Well, they have posted many times on their position on Trump, which is a left leaning position. Then, rather quickly they throw this fact check on one of his tweets. Regardless of what their actual intents were the actions to me look a bit shady. Especially since the fact check comes down to “no evidence”, which is completely different then proven false.
If tech companies instead shut down people clamoring for unions and worker rights then you'd see the left rushing to introduce measures like the one signed by Donald Trump right now. So this is really a bipartisan issue and not just a right wing one, we should all work together to regulate the power of big tech.
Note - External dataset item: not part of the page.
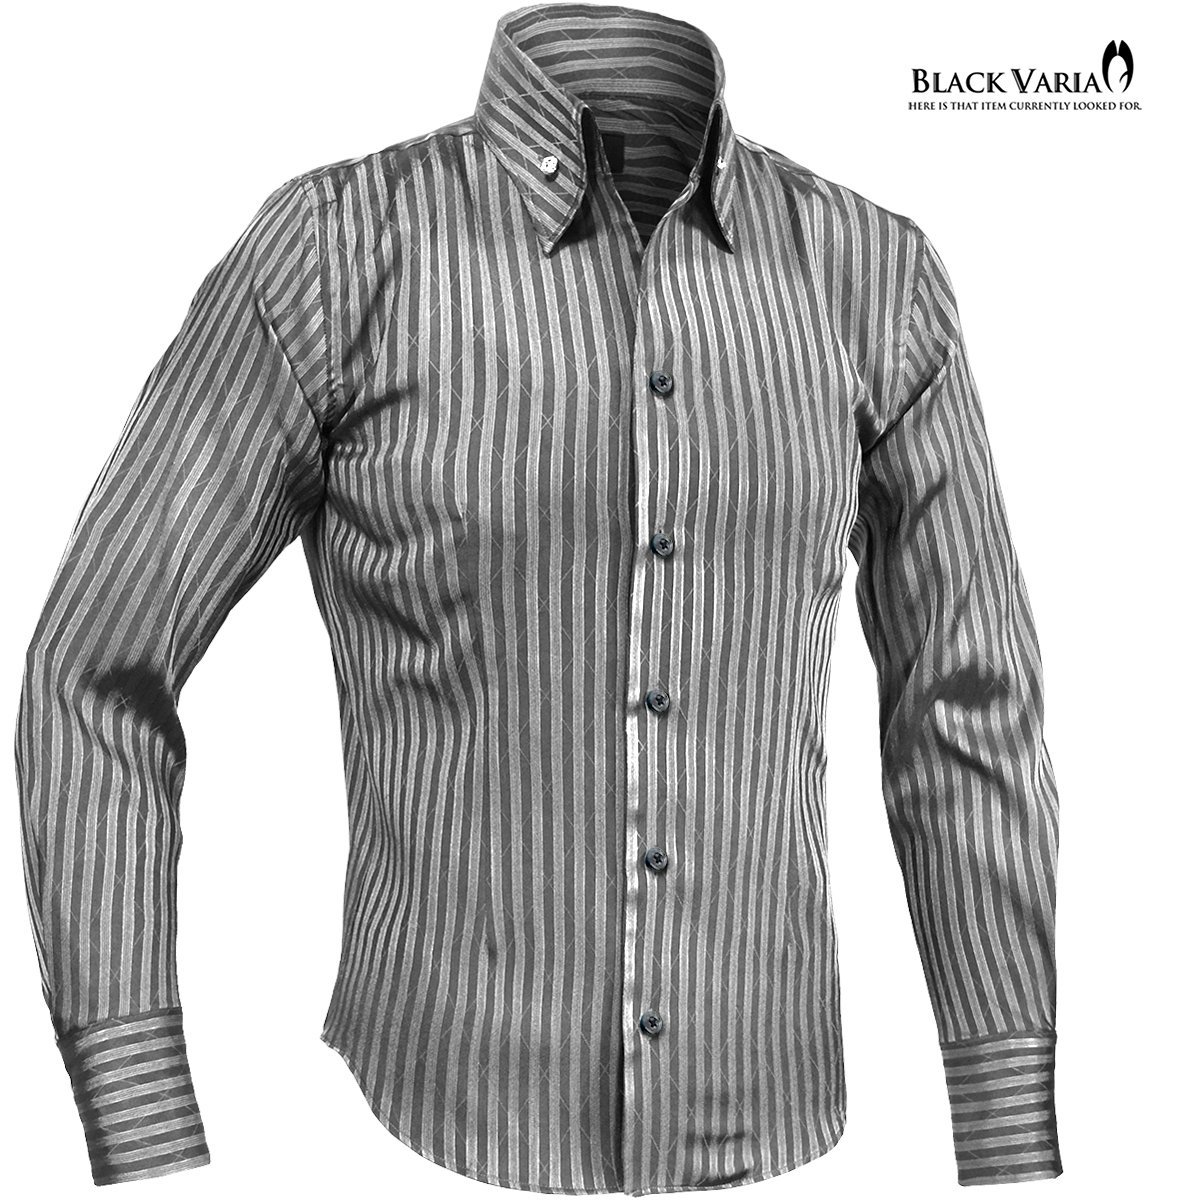 191852-gyS BLACK VARIA ストライプ織柄 スキッパー スワロフスキー ドレスシャツ スリム メンズ(ブラックダイヤ釦 グレー灰シルバー銀) XL_ブラックダイヤ釦

They might be mostly well-intentioned today, but it is best we regulate them before they have a chance to turn bad.
That's an entirely subjective opinion - and one that should ideally be left up to voters and/or their elected representatives, not to any single individual (like our president, or unelected bureaucrats in the FTC/FCC/etc.). And I continue to maintain that it's insanity to be terrified of Twitter's power when the government can order any one of us killed or locked up indefinitely and there are zero consequences when they screw up.
Does Gab silence liberal views? Bans, shadow-bans liberal accounts? Puts "fact checking" marks on their posts? If they do, then liberal politicians are more than welcome to take action.